We want to implement an LSTM on an embedded device with the following keras structure:
Model: “model”
Layer (type) Output Shape Param #
input_1 (InputLayer) [(1, 800, 2)] 0
conv1d (Conv1D) (1, 289, 32) 32800
conv1d_1 (Conv1D) (1, 162, 32) 131104
conv1d_2 (Conv1D) (1, 99, 32) 65568
lstm (LSTM) (1, 16) 3136
dense (Dense) (1, 128) 2176
dense_1 (Dense) (1, 128) 16512
dense_2 (Dense) (1, 104) 13416
Total params: 264,712
Trainable params: 264,712
Non-trainable params: 0
This Keras model was converted to TensorflowLite (.tflite) and quantized with full-integer post-training quantization. As a result, all model weights and activation outputs are 8-bit integer data.

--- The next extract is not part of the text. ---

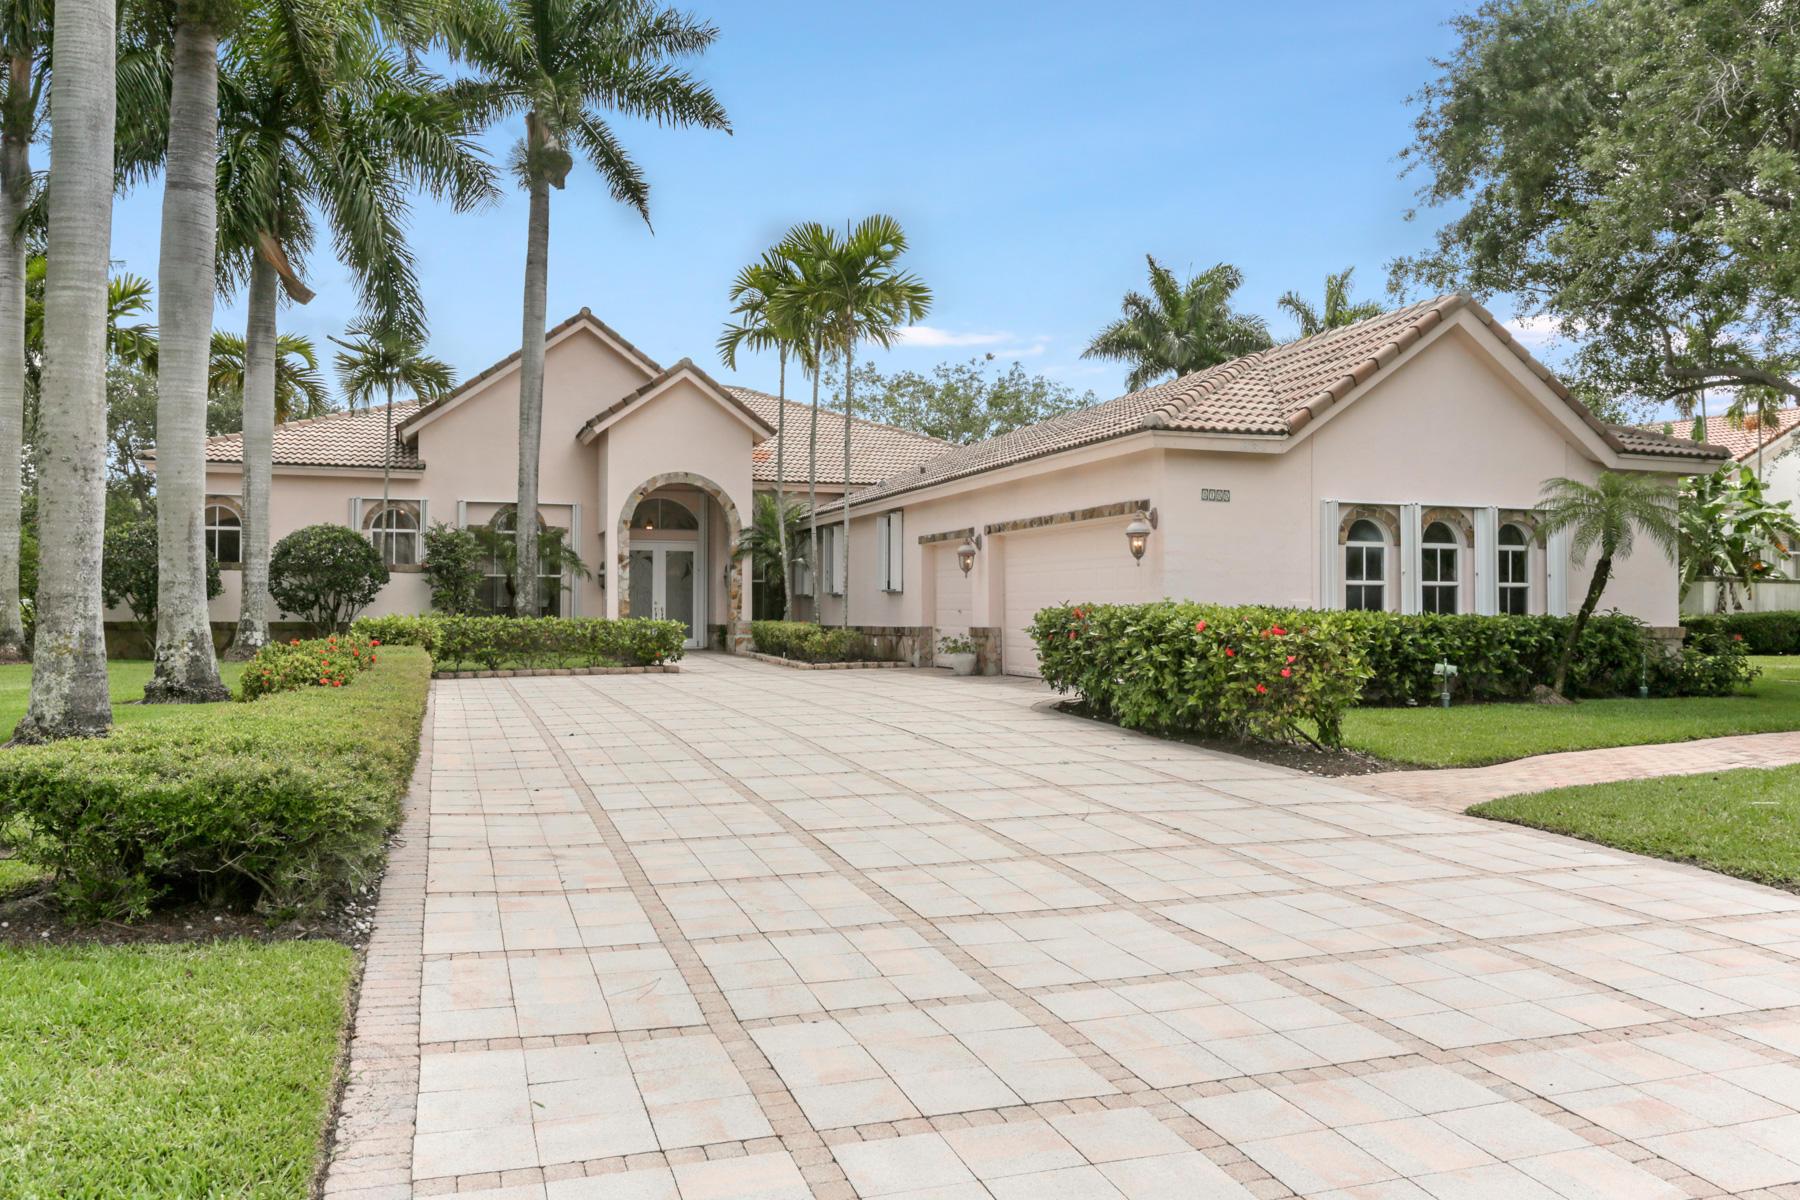 8188 Lakeview Drive West Palm Beach, FL 33412

We implemented the net on a google Coral TPU. On a desktop application the runtime of the net was 7 ms. On our embedded system nearly 60 ms! This is way too long. Issue seems to be the LSTM layer.
with LSTM-Layer
mean: 63.2425 ms
min: 53.3066 ms
max: 79.416 ms
without LSTM-Layer
mean: 6.85505 ms
min: 3.44741 ms
max: 17.8879 ms
We want an AI accelerator connected to our embedded platform. I2S, USB or ethernet connected work all fine. We just want the runtime to be predictable under 10 ms and have easy access over an embedded linux system (yocto setup). What options does Nvidia offer? Do you face similar challenges with LSTM layers?